Objective: To find out whether there is any benefit from venous resection during pancreaticoduodenectomy for ductal pancreatic adenocarcinoma.

Design: Retrospective study.

Setting: University Hospital Mannheim/Heidelberg, Germany.

Interventions: 271 patients had resections for ductal adenocarcinoma of the pancreatic head between 1980 and 2001. The outcome of patients who did (n = 68) and who did not (n = 203) have simultaneous resection of major veins (portal vein and/or superior mesenteric vein) were compared.

Main outcome measurement: 5 year survival.

Results: The groups differed significantly regarding stage, perineural infiltration, lymphangiosis carcinomatosa, operating time, blood loss, and blood transfusion. However, there was no difference in perioperative morbidity (27% and 22%), mortality (4% and 3%), and long-term survival (at 5 years 23% and 24%). Subgroup analysis of patients with margins free of tumour (R0 resections) showed that those patients who had venous resections in whom histological examination did not show infiltration of tumour had the most favourable outcome.

Conclusion: There is no reason to exclude patients with suspected venous infiltration from radical pancreaticoduodenectomy including venous resection.

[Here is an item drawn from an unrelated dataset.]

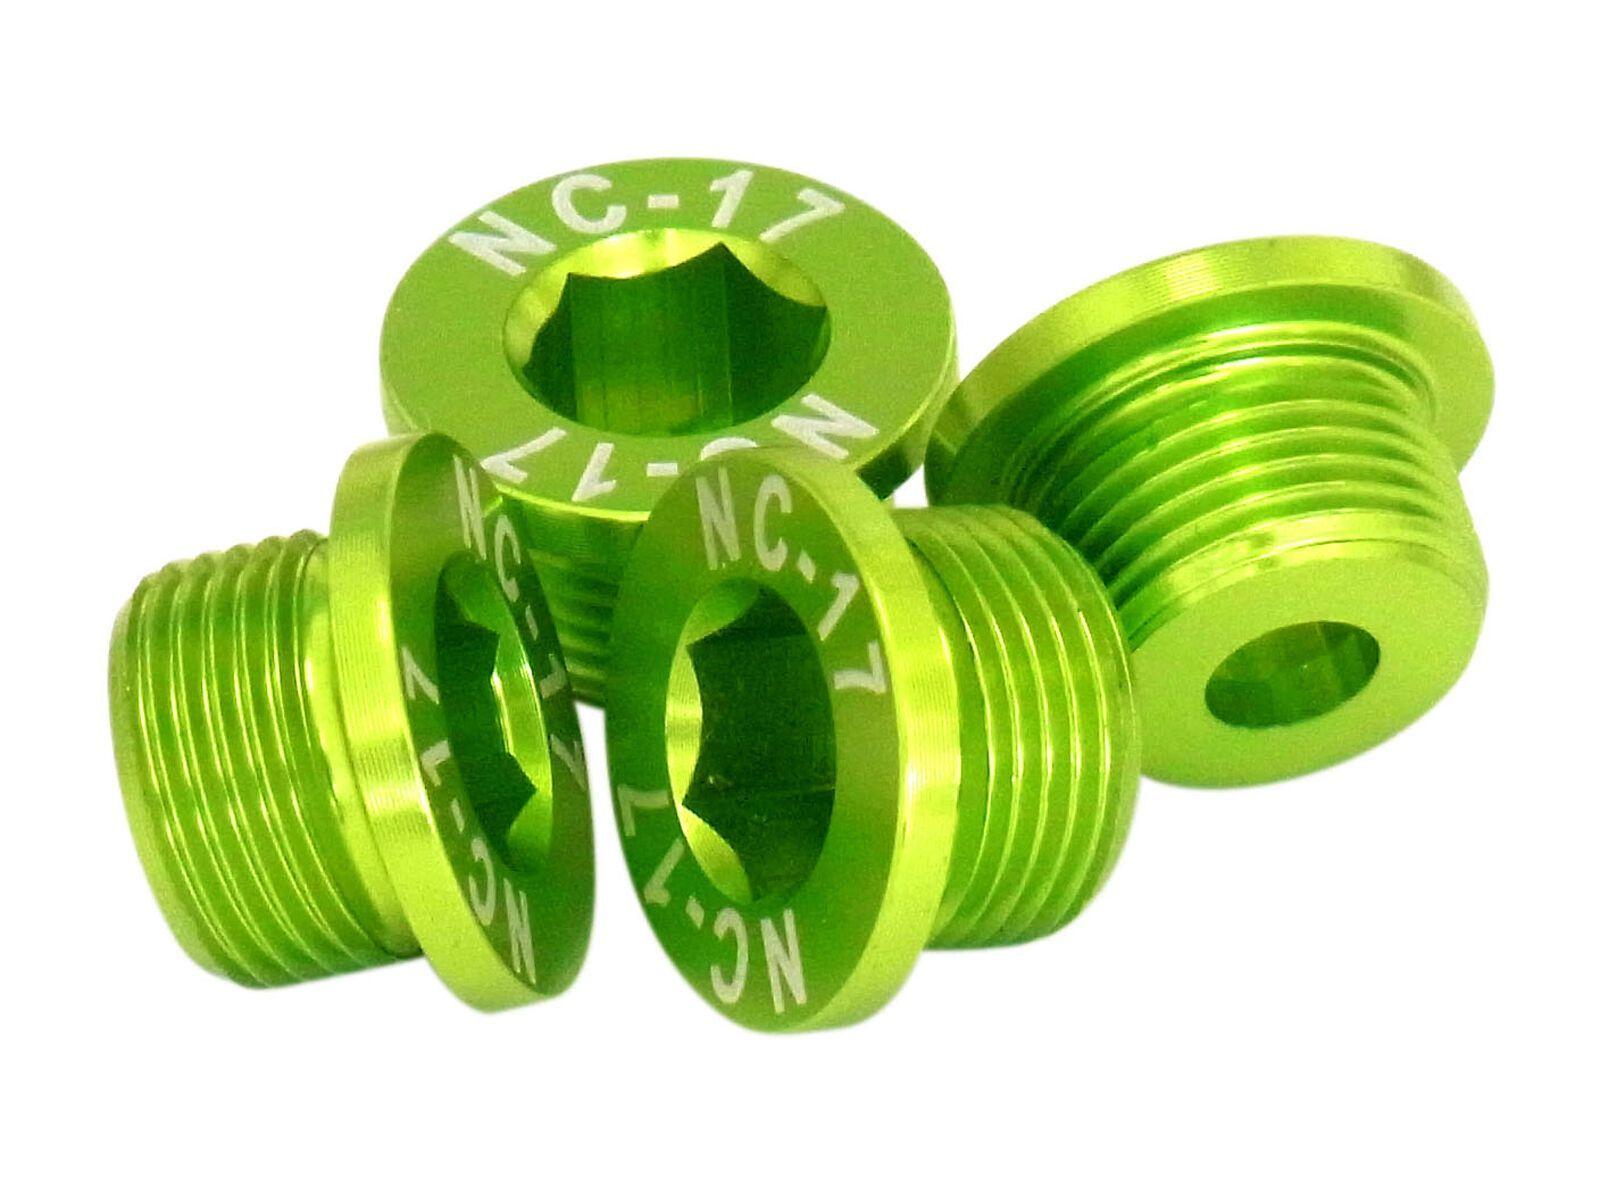 NC-17 M10 Kettenblattschraube für Sram 2-fach Kurbeln, green 8088
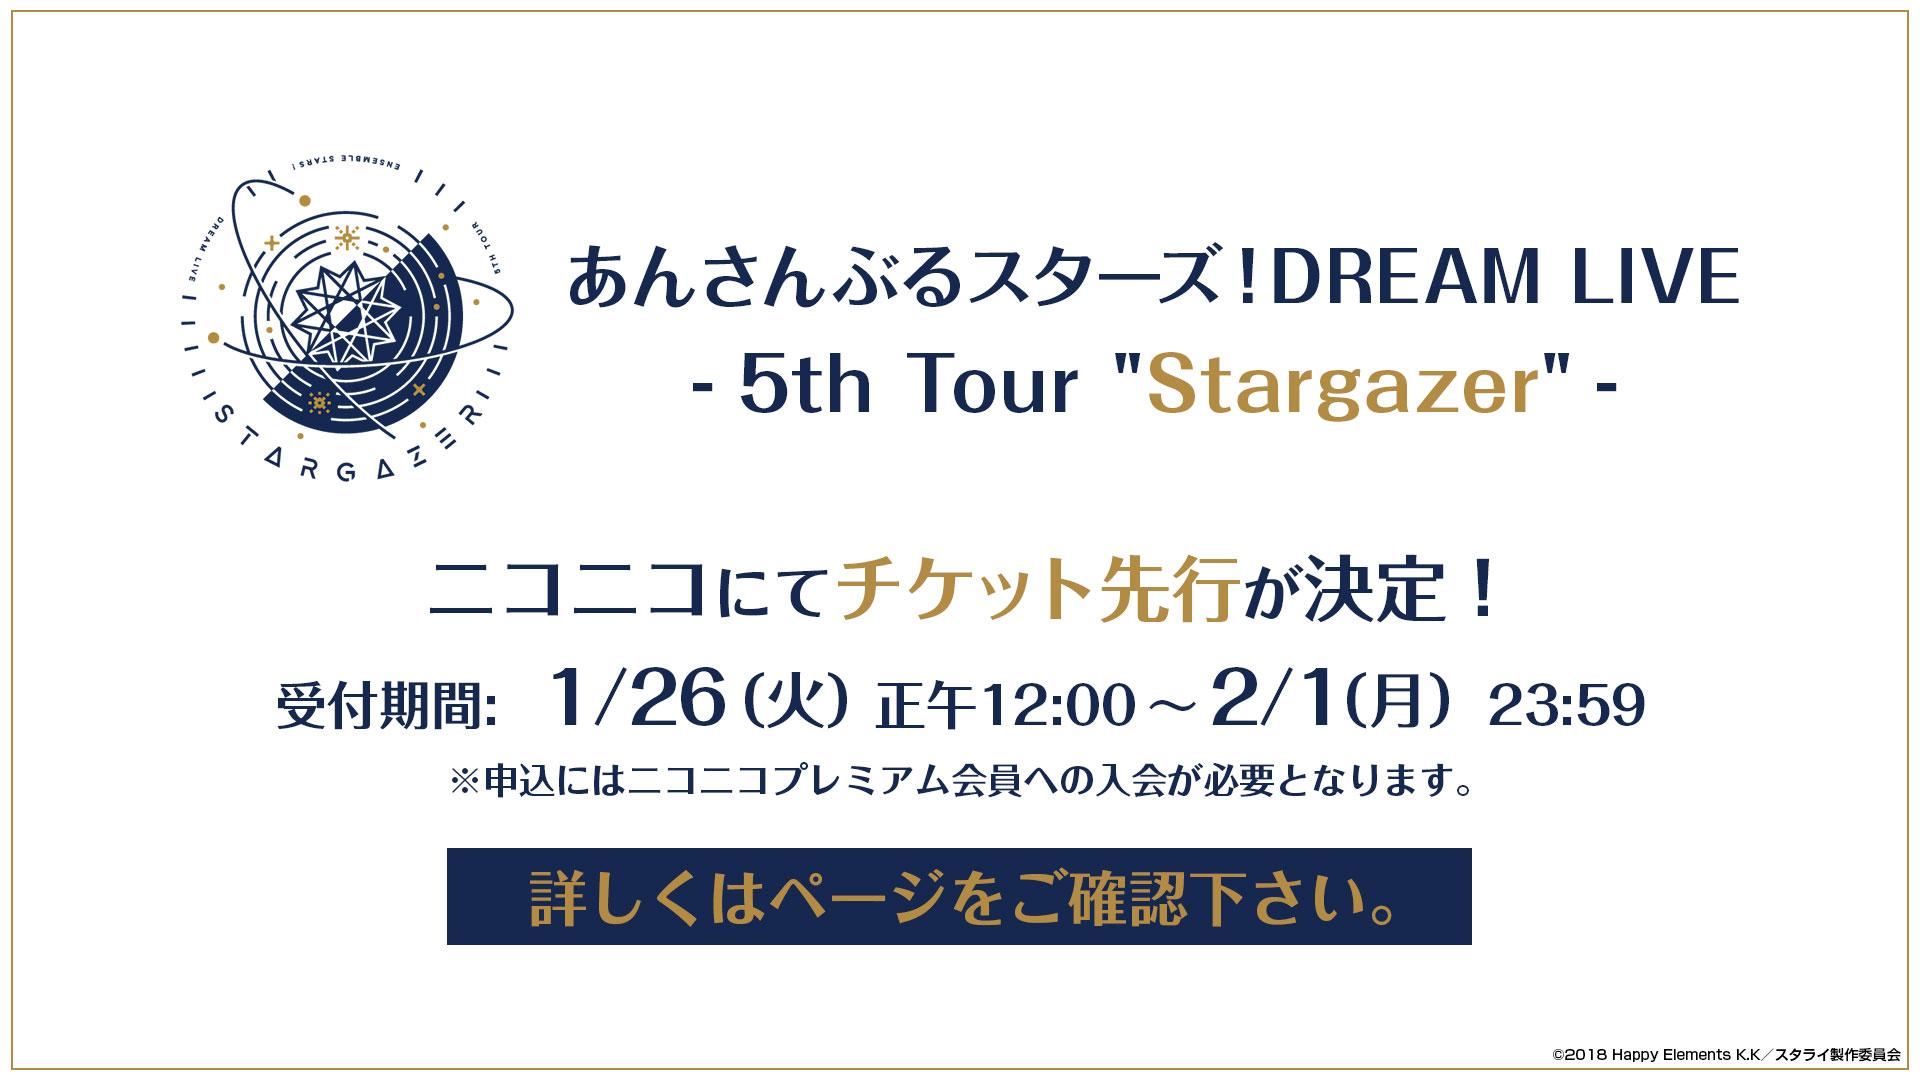 """【ニコニコ/animelo mix】「あんさんぶるスターズ!DREAM LIVE -5th Tour """"Stargazer""""-」チケット先行抽選応募受付&3rd公演のWeb最速ニコ生が決定!"""

目的:探讨导管胰腺癌行胰十二指肠切除术时静脉切除是否有益。设计:回顾性研究。地点:德国曼海姆大学医院/海德堡。干预措施:1980年至2001年间,271例患者因胰头导管腺癌进行了手术切除。比较同时切除大静脉(门静脉和/或肠系膜上静脉)的患者(n = 68)和未同时切除大静脉的患者(n = 203)的结果。主要结局测量:5年生存率。结果:两组在分期、神经周围浸润、癌性淋巴管病、手术时间、出血量、输血等方面存在显著差异。然而,围手术期发病率(27%和22%)、死亡率(4%和3%)和长期生存率(5年23%和24%)没有差异。边缘无肿瘤(R0切除)患者的亚组分析显示,那些进行静脉切除且组织学检查未显示肿瘤浸润的患者具有最有利的结果。结论:没有理由排除疑似静脉浸润的患者行根治性胰十二指肠切除术,包括静脉切除术。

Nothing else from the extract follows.